Because these companies successfully use Google Business Analytics to grow their sales, grow their customer base, grow their market share. Basically, it’s a lot of growth.

As a small business owner, a solopreneur, or a freelancer, you can either grow and improve or wither away and die.

In the interest of not dying, check out these 10 brilliant ways you can use Google Analytics to not only improve your business but make it flourish.

1. The ‘Why-Your-Customers-Are-Running-Away’ Rate

More commonly known as the bounce rate, it is an essential key to figuring out where exactly are your customers leaving your website.

Once you see a big percentage of visitors leaving your website after seeing a specific page, then it’s an indicator that there is an issue with this page.

Delve deeper into the page’s specifics. Is it the static visuals? Then a video or an animated piece might fix the problem.

Aiming for higher optimisation on that one page will hike up the duration your visitors stay on your site and lead to higher conversions.

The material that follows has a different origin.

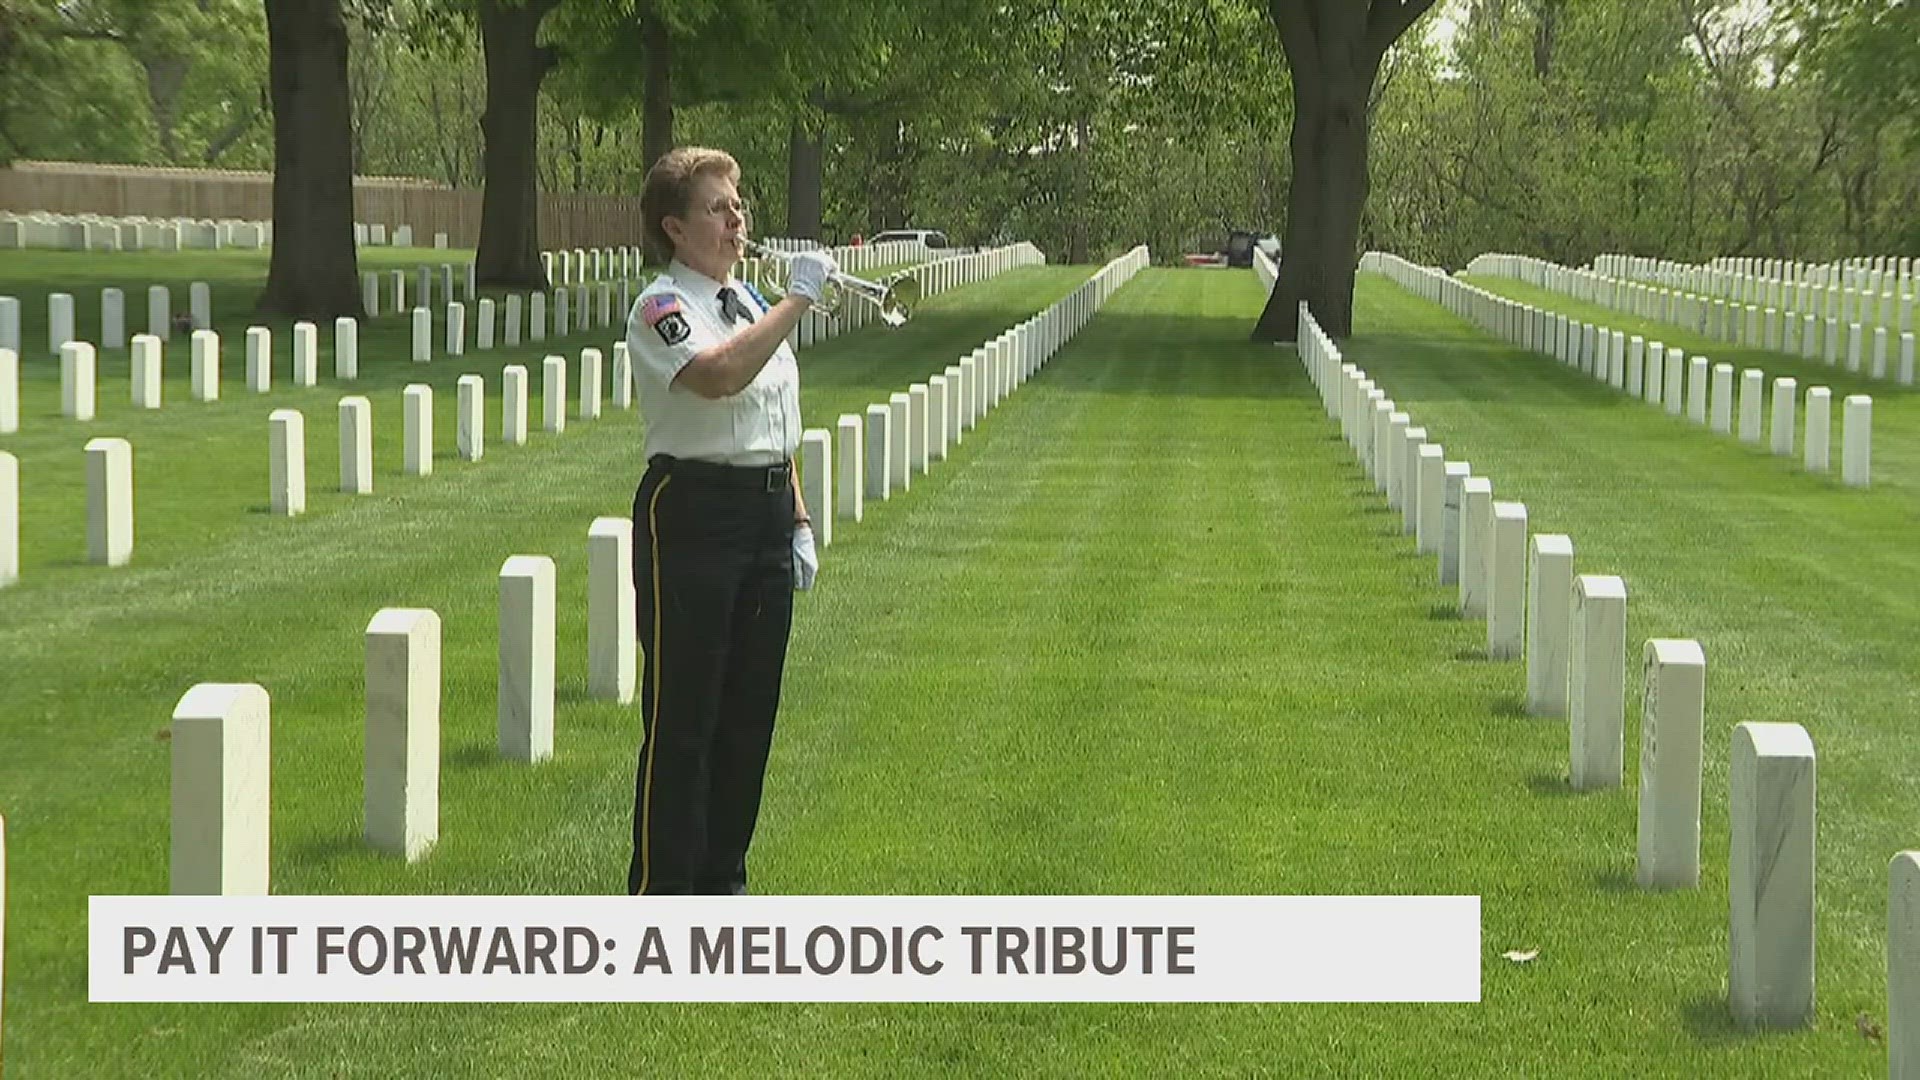 Tracy Hepner has played Taps on her bugle for thousands of military funerals for nearly two decades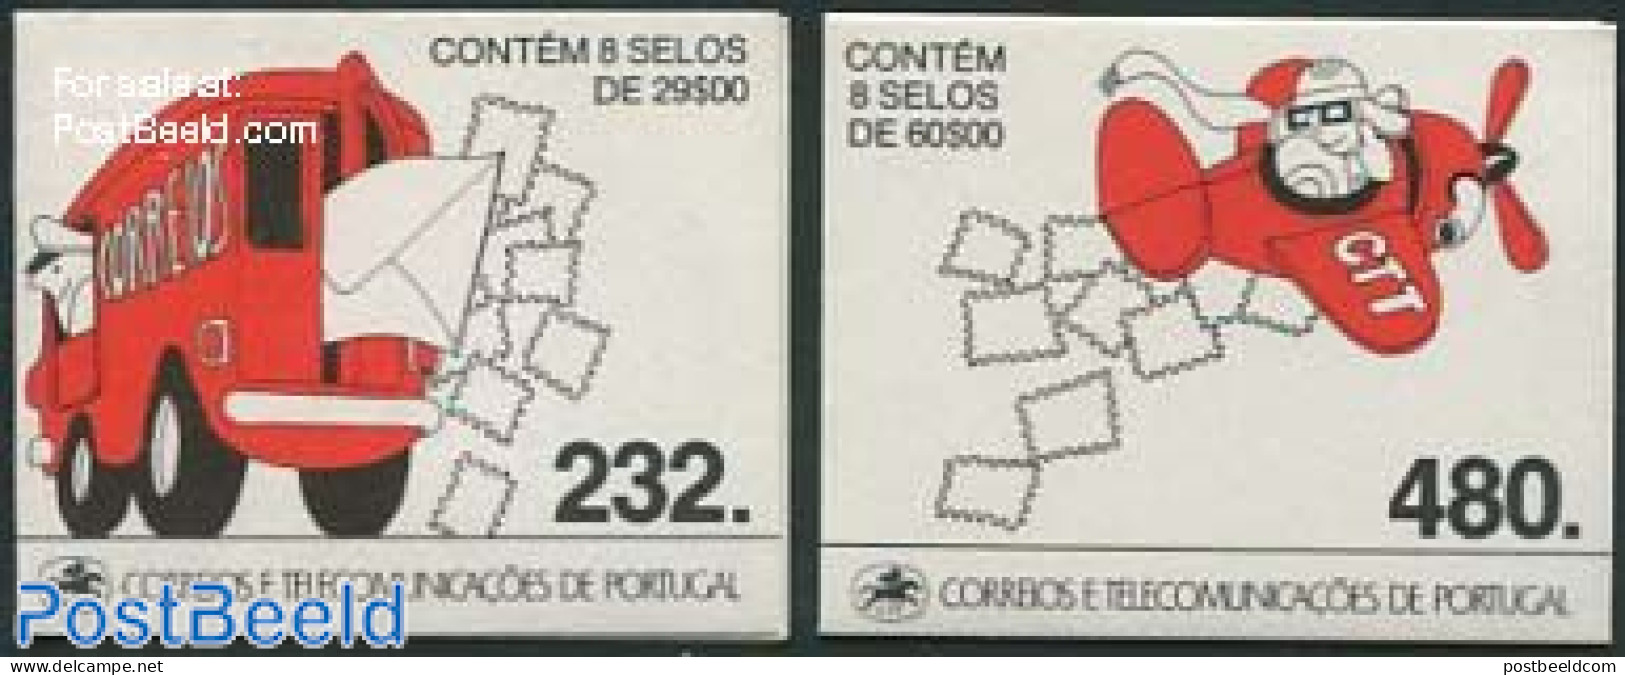 Portugal 1989 Greetings 2 Booklets, Mint NH, Post - Stamp Booklets - Ungebraucht

Google Website Optimiser can be a great help in figuring out the kinks and fixing them.

2. If You Got It, Flaunt It

This is the reverse of the bounce rate.

By reviewing traffic levels and sources (which we’ll get to in a minute), you can identify which pages your visitors are spending a respectable chunk of time on.

After figuring out your “winner” pages, milk them for all their worth. You can leverage these pages by making sure they’re not buried deep into your website.

In addition, you can find which parts of these pages are hooking your visitors and repeat them in other not-so-great pages. This technique helps with maximising your conversions and taking your business to a new level.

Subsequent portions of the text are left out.